[[ Recorded data, beginning ]]

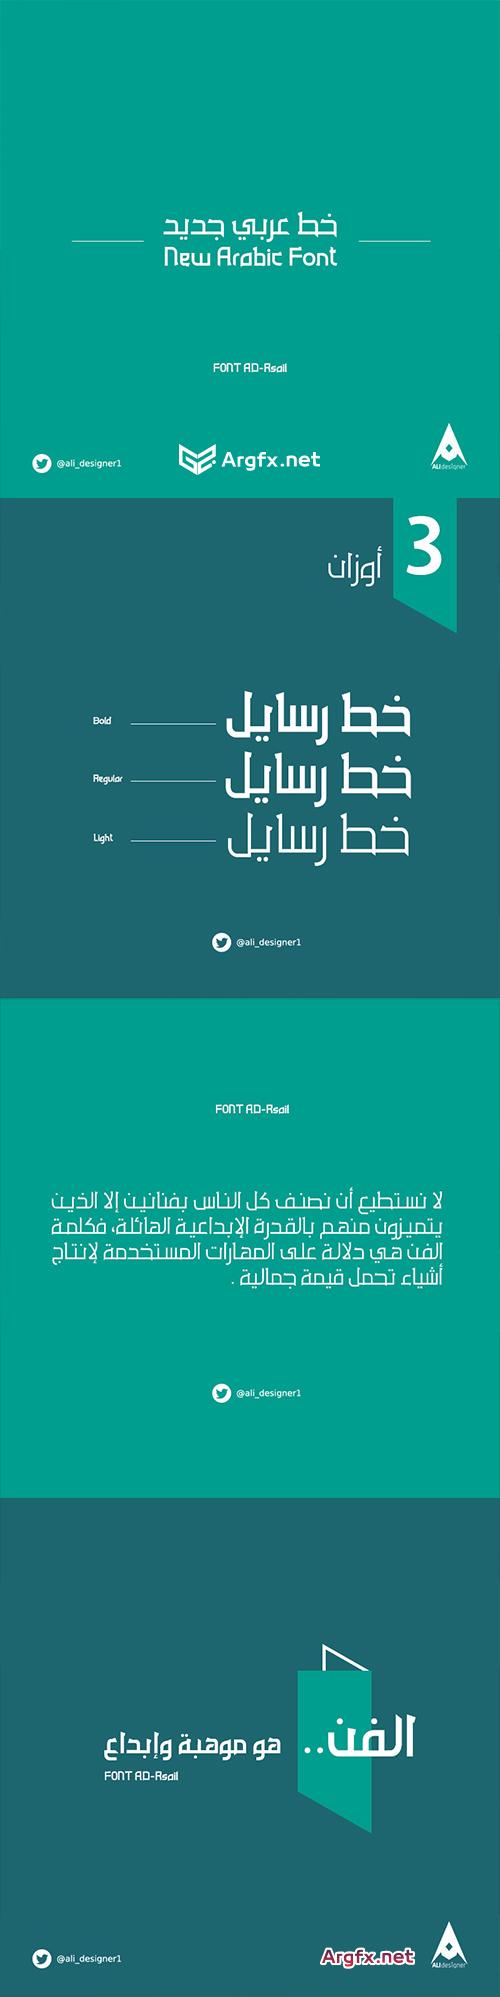 AD-Rsail - Arabic Typeface خط رسايل
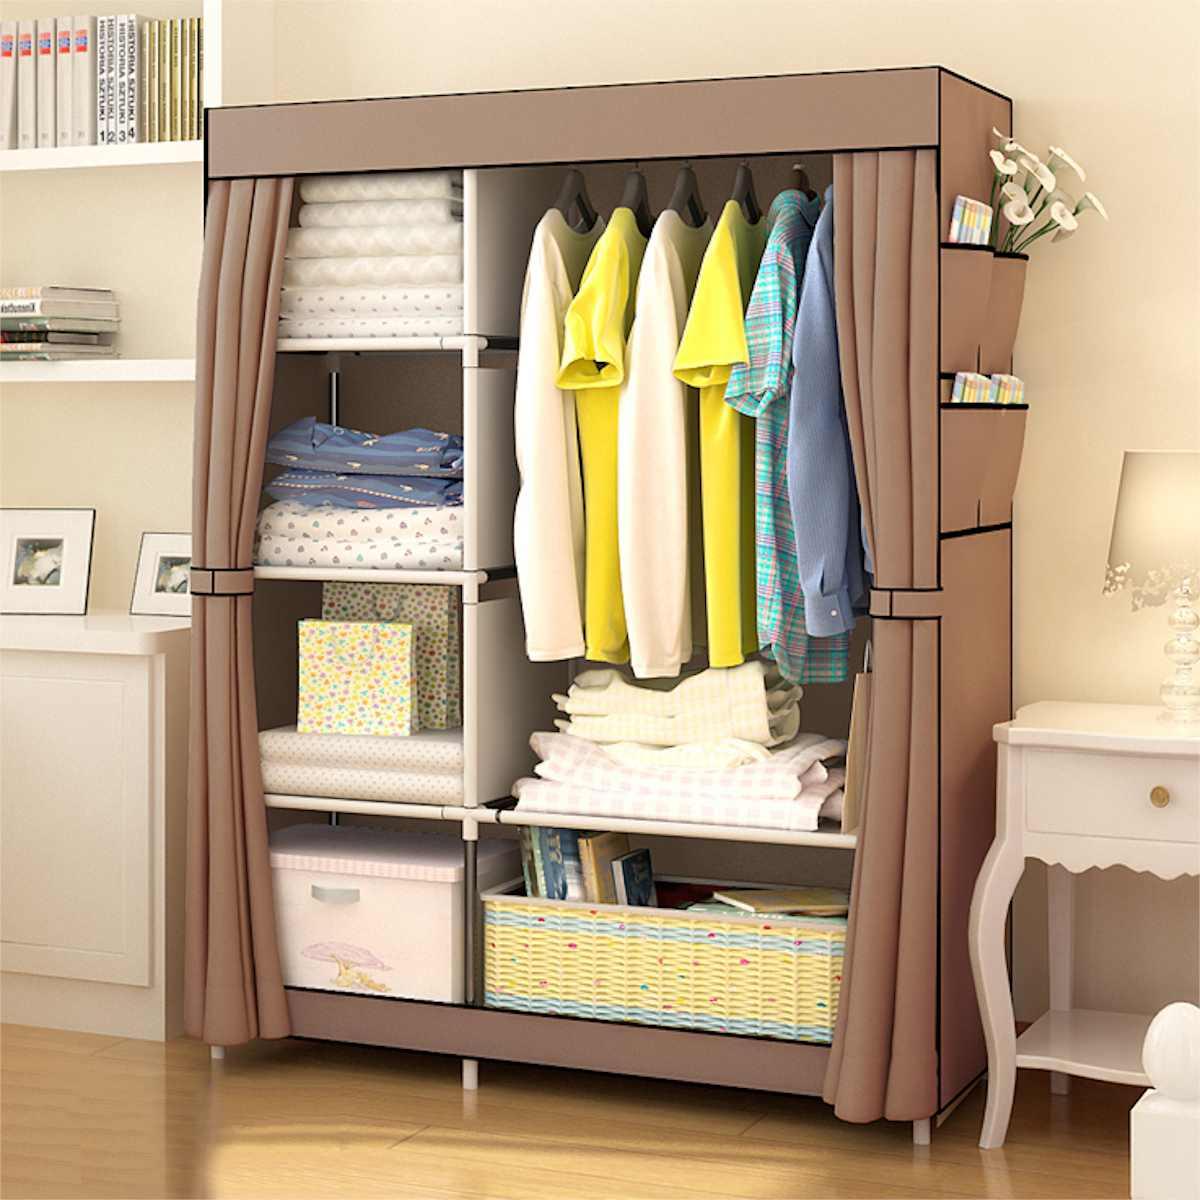 New 105x45x170cm Non woven Fabric Wardrobe Rack Holder DIY Assembly Storage Cabinet Storage Organizer Shelf Home
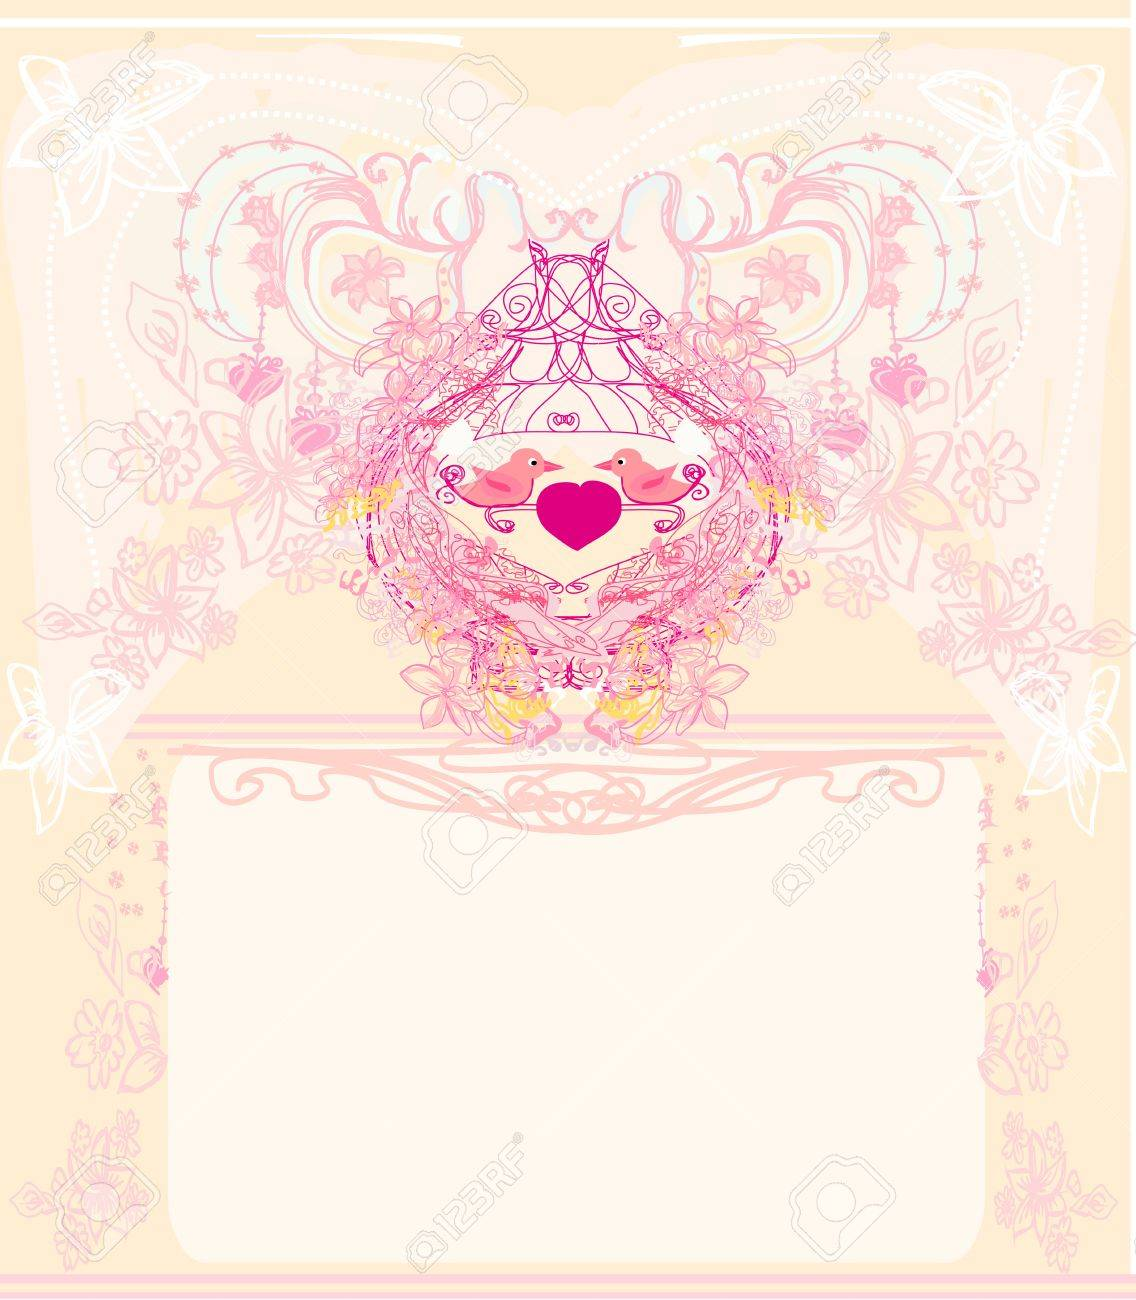 Greeting Card With 2 Sweet Love Birds Wedding Invitation Royalty
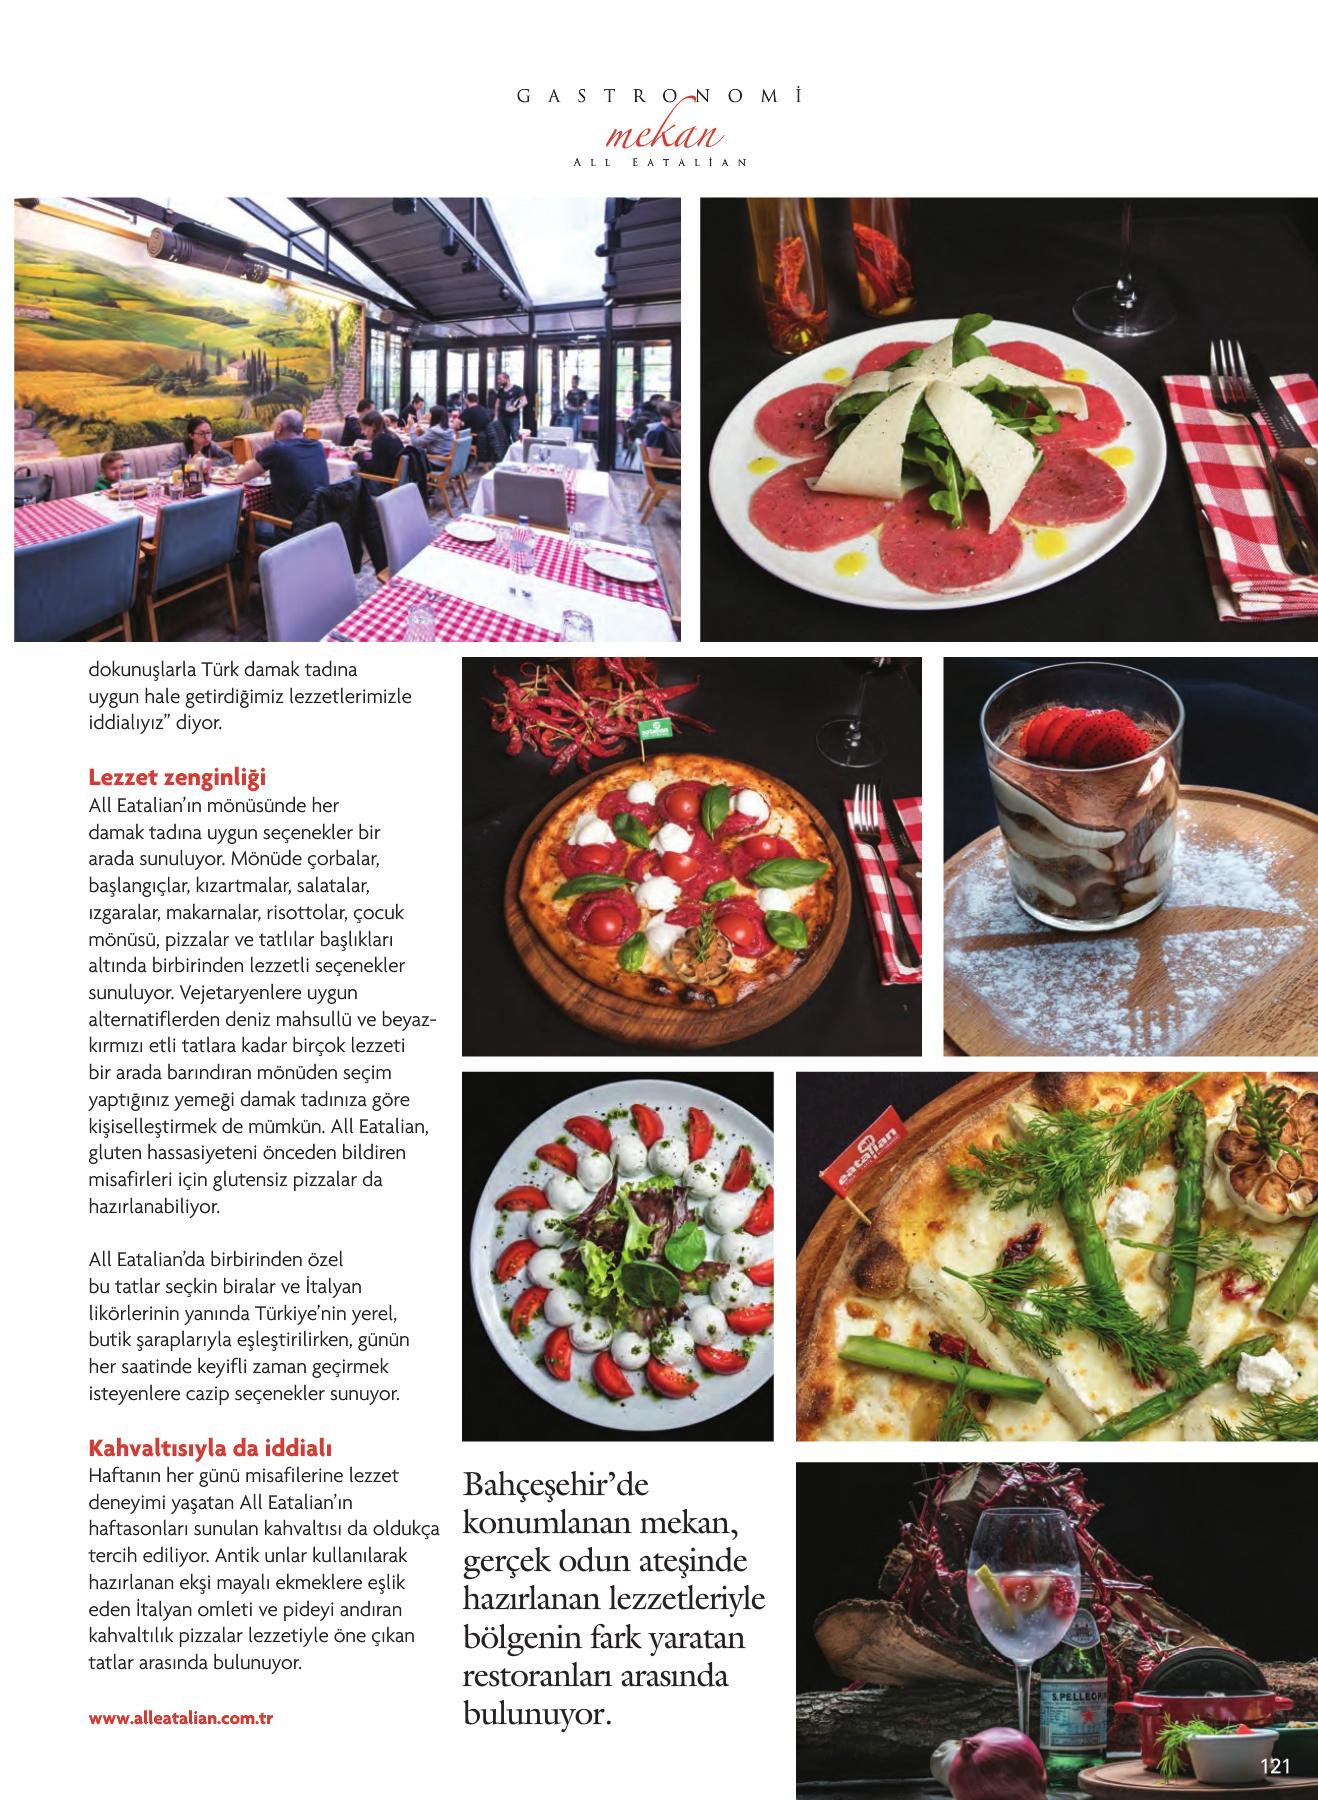 Alleatalian Gastronomi Dergisinde!
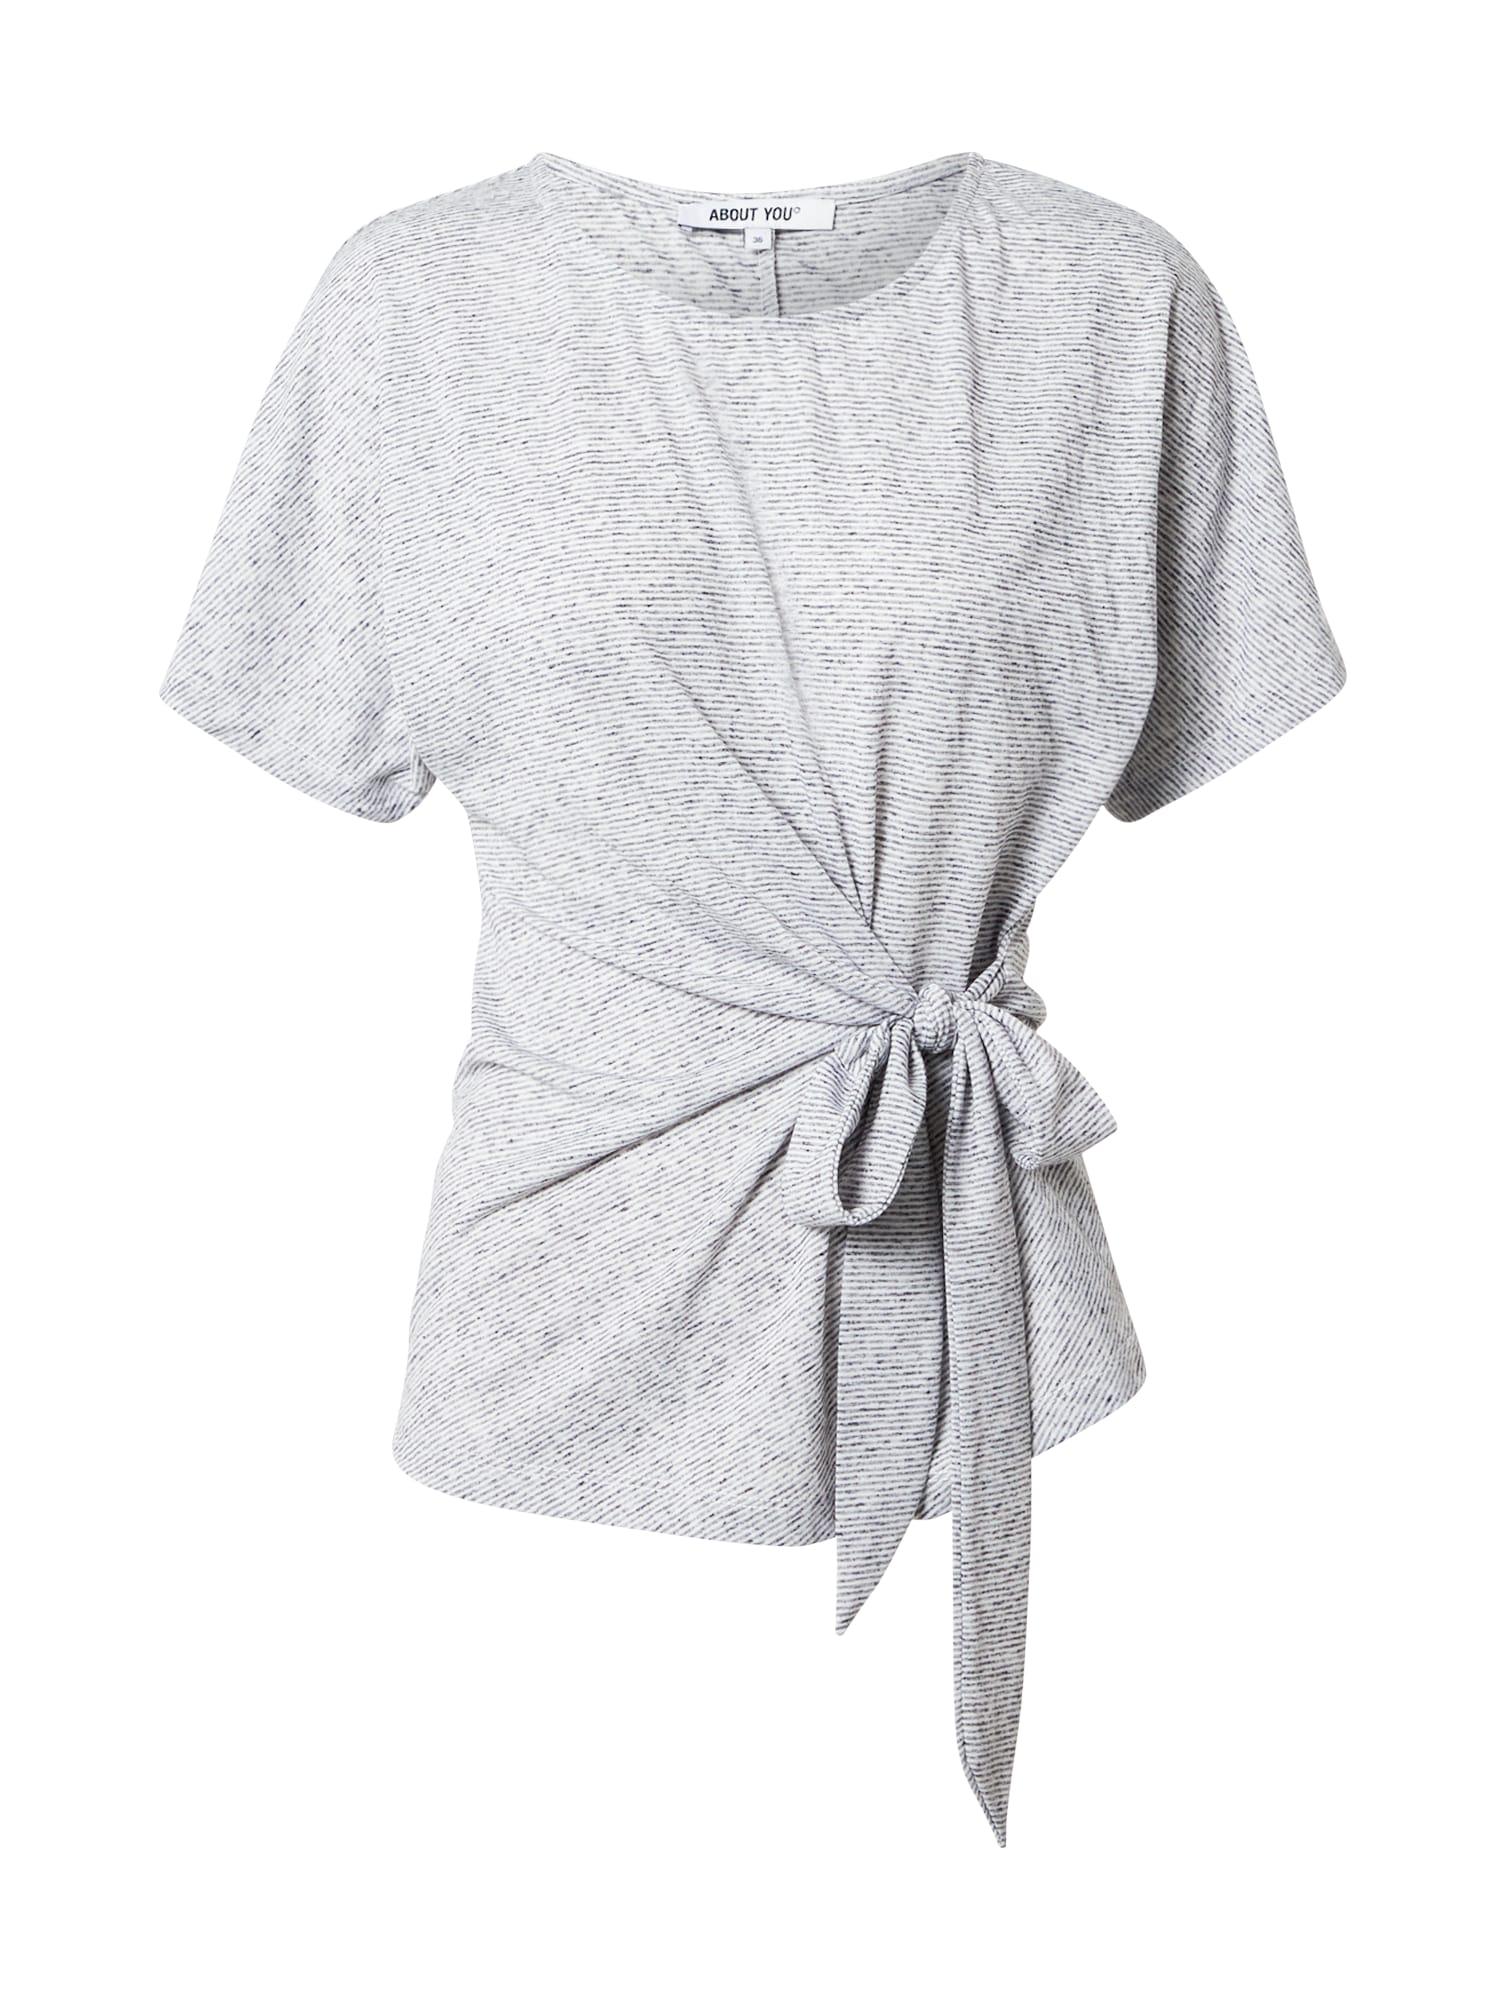 ABOUT YOU Marškinėliai 'Faline' pilka / balta

[[ Recorded data, end ]]

◆ Work required
Retype all the material word for word while skipping any picture it contains.

◆ Written reply
 AD-Rsail - Arabic Typeface خط رسايل
 New 105x45x170cm Non woven Fabric Wardrobe Rack Holder DIY Assembly Storage Cabinet Storage Organizer Shelf Home
 Greeting Card With 2 Sweet Love Birds Wedding Invitation Royalty
 Alleatalian Gastronomi Dergisinde!
 ABOUT YOU Marškinėliai 'Faline' pilka / balta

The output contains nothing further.